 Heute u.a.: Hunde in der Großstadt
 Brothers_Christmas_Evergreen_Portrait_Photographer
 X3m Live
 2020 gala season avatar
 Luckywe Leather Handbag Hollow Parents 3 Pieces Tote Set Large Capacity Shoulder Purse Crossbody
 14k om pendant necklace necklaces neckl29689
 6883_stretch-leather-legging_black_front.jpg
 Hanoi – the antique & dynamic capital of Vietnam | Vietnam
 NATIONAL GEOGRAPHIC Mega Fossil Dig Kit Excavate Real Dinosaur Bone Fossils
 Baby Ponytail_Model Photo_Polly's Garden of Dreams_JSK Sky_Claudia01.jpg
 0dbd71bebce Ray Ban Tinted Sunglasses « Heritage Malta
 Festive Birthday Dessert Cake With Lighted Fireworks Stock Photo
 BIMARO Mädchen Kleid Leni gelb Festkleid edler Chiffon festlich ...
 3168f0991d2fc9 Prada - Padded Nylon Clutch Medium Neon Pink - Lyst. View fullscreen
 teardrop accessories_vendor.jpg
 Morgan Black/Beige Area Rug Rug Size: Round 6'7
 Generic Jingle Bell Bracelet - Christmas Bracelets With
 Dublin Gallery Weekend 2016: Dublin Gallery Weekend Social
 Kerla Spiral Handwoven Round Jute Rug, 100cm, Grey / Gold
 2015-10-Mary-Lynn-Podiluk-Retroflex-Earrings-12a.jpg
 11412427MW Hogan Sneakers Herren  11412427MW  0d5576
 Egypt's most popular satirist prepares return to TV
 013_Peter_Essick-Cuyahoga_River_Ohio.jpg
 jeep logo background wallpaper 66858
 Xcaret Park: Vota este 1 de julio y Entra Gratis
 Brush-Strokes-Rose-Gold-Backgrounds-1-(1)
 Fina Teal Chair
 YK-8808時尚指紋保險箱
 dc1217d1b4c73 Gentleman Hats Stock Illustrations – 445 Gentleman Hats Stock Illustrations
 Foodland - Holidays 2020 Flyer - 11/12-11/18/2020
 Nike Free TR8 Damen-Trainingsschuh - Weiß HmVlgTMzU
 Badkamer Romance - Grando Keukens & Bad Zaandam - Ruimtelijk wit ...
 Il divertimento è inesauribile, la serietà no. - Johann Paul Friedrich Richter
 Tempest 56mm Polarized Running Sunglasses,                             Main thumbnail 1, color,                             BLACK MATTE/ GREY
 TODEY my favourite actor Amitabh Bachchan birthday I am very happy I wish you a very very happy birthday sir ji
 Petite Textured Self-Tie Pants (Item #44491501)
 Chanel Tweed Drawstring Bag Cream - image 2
++++++++
--- PROBLEM REQUIREMENTS ---
Repeat the data verbatim.

--- ANSWER TO THE PROBLEM ---
 Heute u.a.: Hunde in der Großstadt
 Brothers_Christmas_Evergreen_Portrait_Photographer
 X3m Live
 2020 gala season avatar
 Luckywe Leather Handbag Hollow Parents 3 Pieces Tote Set Large Capacity Shoulder Purse Crossbody
 14k om pendant necklace necklaces neckl29689
 6883_stretch-leather-legging_black_front.jpg
 Hanoi – the antique & dynamic capital of Vietnam | Vietnam
 NATIONAL GEOGRAPHIC Mega Fossil Dig Kit Excavate Real Dinosaur Bone Fossils
 Baby Ponytail_Model Photo_Polly's Garden of Dreams_JSK Sky_Claudia01.jpg
 0dbd71bebce Ray Ban Tinted Sunglasses « Heritage Malta
 Festive Birthday Dessert Cake With Lighted Fireworks Stock Photo
 BIMARO Mädchen Kleid Leni gelb Festkleid edler Chiffon festlich ...
 3168f0991d2fc9 Prada - Padded Nylon Clutch Medium Neon Pink - Lyst. View fullscreen
 teardrop accessories_vendor.jpg
 Morgan Black/Beige Area Rug Rug Size: Round 6'7
 Generic Jingle Bell Bracelet - Christmas Bracelets With
 Dublin Gallery Weekend 2016: Dublin Gallery Weekend Social
 Kerla Spiral Handwoven Round Jute Rug, 100cm, Grey / Gold
 2015-10-Mary-Lynn-Podiluk-Retroflex-Earrings-12a.jpg
 11412427MW Hogan Sneakers Herren  11412427MW  0d5576
 Egypt's most popular satirist prepares return to TV
 013_Peter_Essick-Cuyahoga_River_Ohio.jpg
 jeep logo background wallpaper 66858
 Xcaret Park: Vota este 1 de julio y Entra Gratis
 Brush-Strokes-Rose-Gold-Backgrounds-1-(1)
 Fina Teal Chair
 YK-8808時尚指紋保險箱
 dc1217d1b4c73 Gentleman Hats Stock Illustrations – 445 Gentleman Hats Stock Illustrations
 Foodland - Holidays 2020 Flyer - 11/12-11/18/2020
 Nike Free TR8 Damen-Trainingsschuh - Weiß HmVlgTMzU
 Badkamer Romance - Grando Keukens & Bad Zaandam - Ruimtelijk wit ...
 Il divertimento è inesauribile, la serietà no. - Johann Paul Friedrich Richter
 Tempest 56mm Polarized Running Sunglasses,                             Main thumbnail 1, color,                             BLACK MATTE/ GREY
 TODEY my favourite actor Amitabh Bachchan birthday I am very happy I wish you a very very happy birthday sir ji
 Petite Textured Self-Tie Pants (Item #44491501)
 Chanel Tweed Drawstring Bag Cream - image 2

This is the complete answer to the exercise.